Reszta gości zebrała się koło tych dwóch i wpływała na nich pokojowo:
— Dajcie spokój... Takie głupstwo! Też jest o co!
— Jak dzieci jakie...
— Nie, ja tego tak nie zostawię... Muszę mieć satysfakcję!
Kohot z ironją wzruszył ramionami:
— Gdzie chcesz i kiedy chcesz!
— Słuchaj no pan — rzekł Bondarew, biorąc pod rękę Pierekusałowa, — O co chodzi? Czegoś się tak rozjędyczył?
— On mnie znieważył, — rzucił Pierekusałow, ciężko sapiąc. — Zniewagi tego rodzaju domagają się rozwiązania na jednej tylko drodze! Spodziewam się jednak, że to nie na serjo?
— Coo? Ty może myślisz, że jeżeli my mieszkamy w jakimś tam niedźwiedzim, zapadłym kącie, to zaraz i sprawy honorowe załatwiamy po niedźwiedziemu? Pięścią w gębę, albo pokazaniem sobie nawzajem języka? O, nie, bracie! Ja może i nawet zapleśniałem w tej głuszy, ale postawić swe życie na kartę — gdy honor zadraśnięty — zawsze jeszcze potrafię!

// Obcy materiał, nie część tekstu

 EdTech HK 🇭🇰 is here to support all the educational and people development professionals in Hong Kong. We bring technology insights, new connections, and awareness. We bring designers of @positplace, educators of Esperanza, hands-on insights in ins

W oczach Pierekusałowa zaświeciło się, błysnęło coś nowego, coś pięknego i niezwykłego. Bondarew z szacunkiem patrzał na niego.

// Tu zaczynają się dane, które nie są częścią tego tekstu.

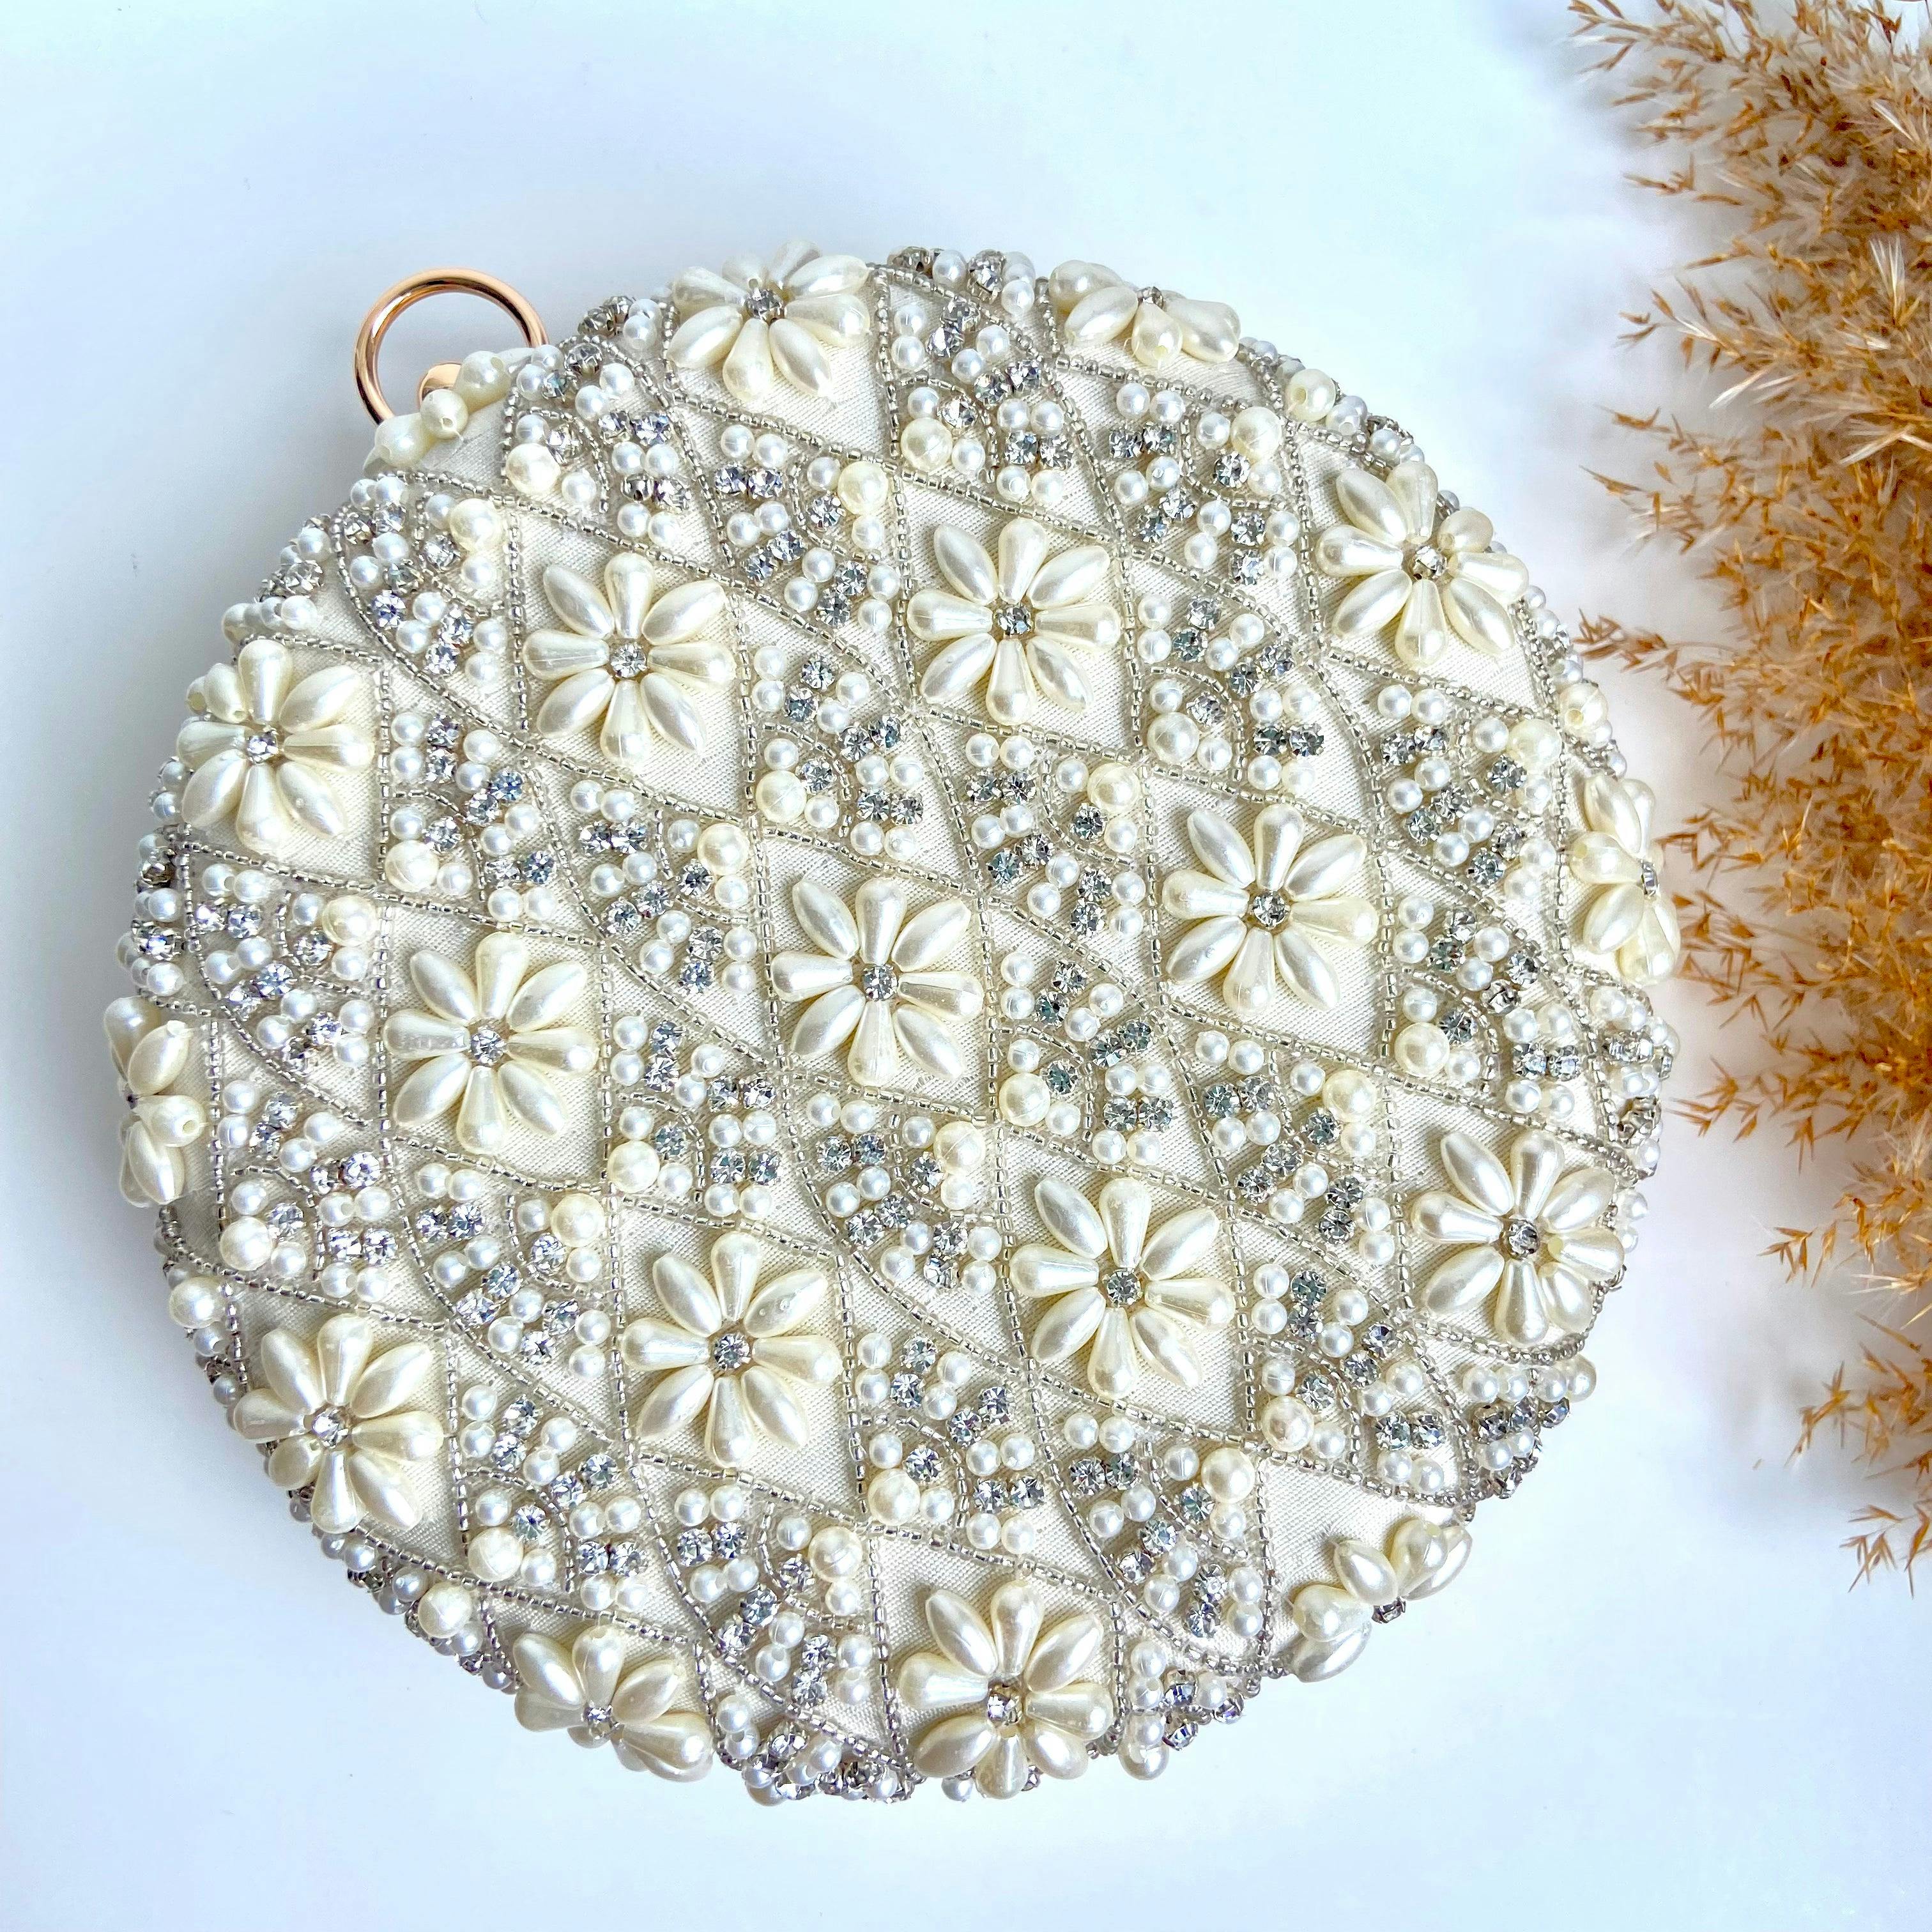 ALIA Pearl round clutch, a product by Clutcheeet

— Spodziewam się, że nie odmówisz mi być świadkiem z mojej strony.
Bondarew położył mu rękę na ramieniu i rzekł:
— Naturalnie. Urządzę sam wszystko. Ale, powiedz, proszę cię... czem cię ten pan tak znów obraził... Może to wszystko głupstwo?
— Głupstwo? Nie, bracie, nie głupstwo! Wcale nie głupstwo! Nie głupstwo, literacie! Nie mogę ci powiedzieć, czem obraził — zbyt mi to jeszcze ciąży — w każdym razie, nie głupstwo!
— Dobrze — rzekł poważnie Bondarew. — A zatem: postanowione. Jutro przyjadę do ciebie i zakomunikuję szczegóły
Goście poczęli zabierać się do domu. Kiedy Stamiakina poczęła szukać męża, pokazało się, że leży pijany w gabinecie gospodarza domu na kanapie. Kiedy go obudzono, z trudem otworzył oczy, rozpłakał się i oświadczył, że niech już lepiej ześlą go jutro na Sybir, niżby go mieli dziś zrywać z kanapy.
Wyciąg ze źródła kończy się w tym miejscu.